09-16-2025 01:59 AM
Hi
Quick question, Is it possible to Configure a RB VPN on an FTD using a Loopback Interface.??
I ask because I have been requested to set up one but the thing is the peer IP I have to use my side is not one of the FTD Interface IP Addresses, Also is this the best way to achieve this or is there another way. ??
Thankyou
09-16-2025 02:01 AM - edited 09-16-2025 02:03 AM
@benolyndav yes you can use a loopback on a route based VPN (VTI or DVTI) https://www.cisco.com/c/en/us/td/docs/security/secure-firewall/management-center/device-config/770/management-center-device-config-77/vpn-s2s.html
Loopback feature was introduced in version 7.3 - https://secure.cisco.com/secure-firewall/v7.3/docs/loopback-interface
09-17-2025 01:34 AM - edited 09-17-2025 01:34 AM
@Rob Ingram
So excuse my ignorance but when creating a RB VPN its suggested to use the 169.x.x.x IP Addresses I have done these before without any issues, not sure how this works or needs configuring if I am to use a loopback address for the local RB VPN address.??
Thanks
09-17-2025 01:43 AM
Now give any IP to LO (unused IP) like 1.1.1.1
Then check vti tunnel source can you select Lo as tunnel source?
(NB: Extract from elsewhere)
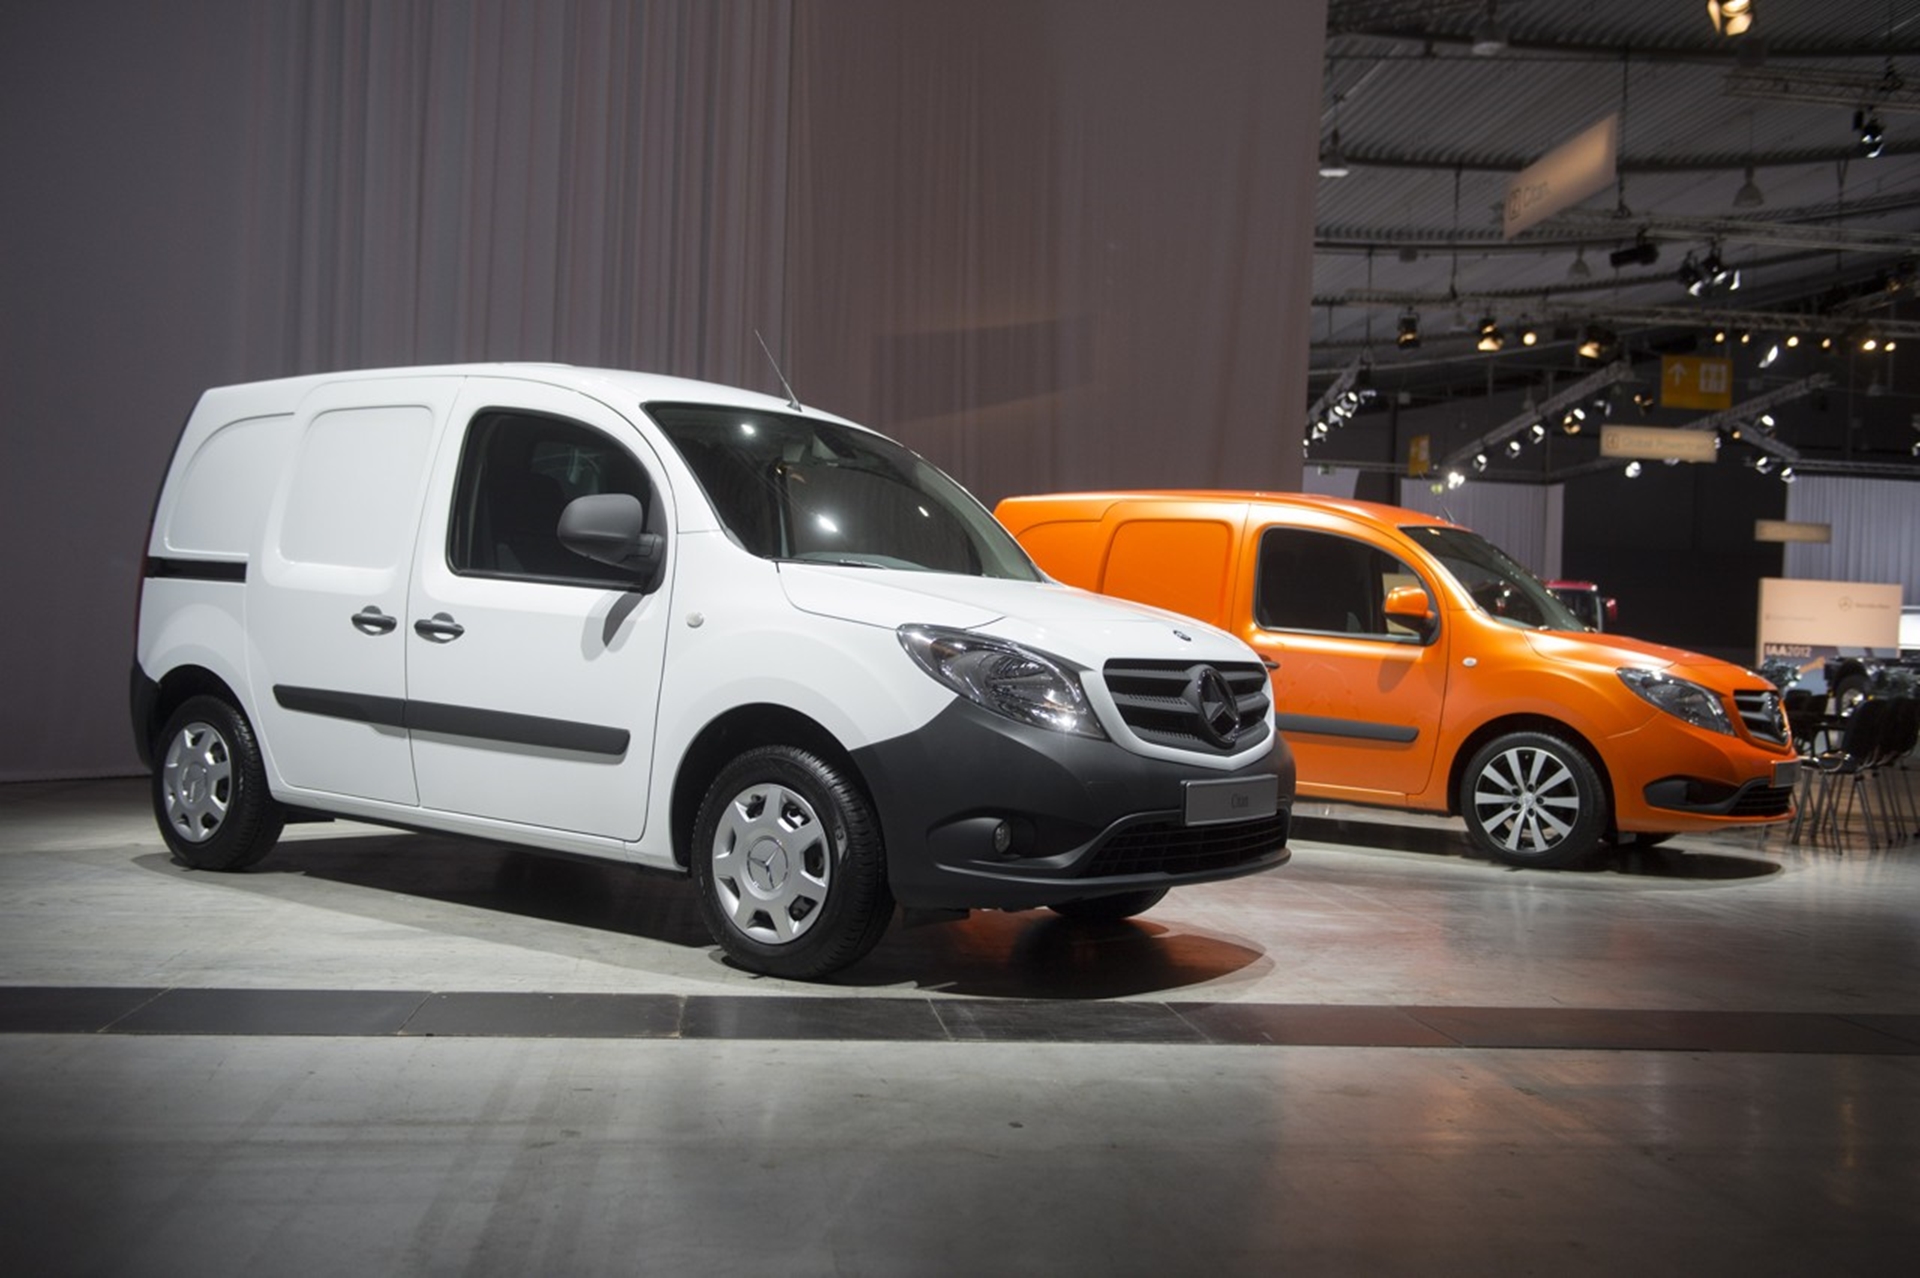 The New Mercedes-Benz Citan: the pro among urban delivery vans

If Yes then it OK what you need is static route for Remote LO toward WAN interface
If NOT then FMC/FTD not support LO as tunnel source
MHM
09-17-2025 02:37 AM
Thanks for that and yes I do see the Loopback available for the VTI, So because the IP Address I am using and the 3rd party will be peering with is not an Interface IP Address is this the only way I can do it ??
Thanks
09-17-2025 02:41 AM
@benolyndav sounds like you need to use the loopback as the tunnel source rather than the interface IP address. You obviously have the correct IP address defined on the loopback.
10-01-2025 03:44 AM
@Rob Ingram Yes I have selected that but what about the below what do I need to select for this please
P.s sorry about the delayed response
10-01-2025 03:54 AM
@benolyndav the loopback interface can be used as either a tunnel source or a borrow source, but not both. So if you want to terminate the VPN on the loopback, select tunnel source only.
10-01-2025 04:26 AM
10-01-2025 04:30 AM
@benolyndav for the VTI tunnel IP address, I would typically personally use an IP address from the internal LAN network space. Personal choice though. It needs to be routed over the tunnel and unique.
09-17-2025 02:42 AM - edited 09-17-2025 02:53 AM
Let summary
VTI use WAN (public IP) as tunnel source' vti will be UP since public IP is reachable
Vti using LO (as tunnel srouce) with any IP' if remote peer can not reach this IP vti will be down
Note:- you can ONLY use LO as tunnel source.
09-16-2025 02:01 AM
Discover and save your favorite ideas. Come back to expert answers, step-by-step guides, recent topics, and more.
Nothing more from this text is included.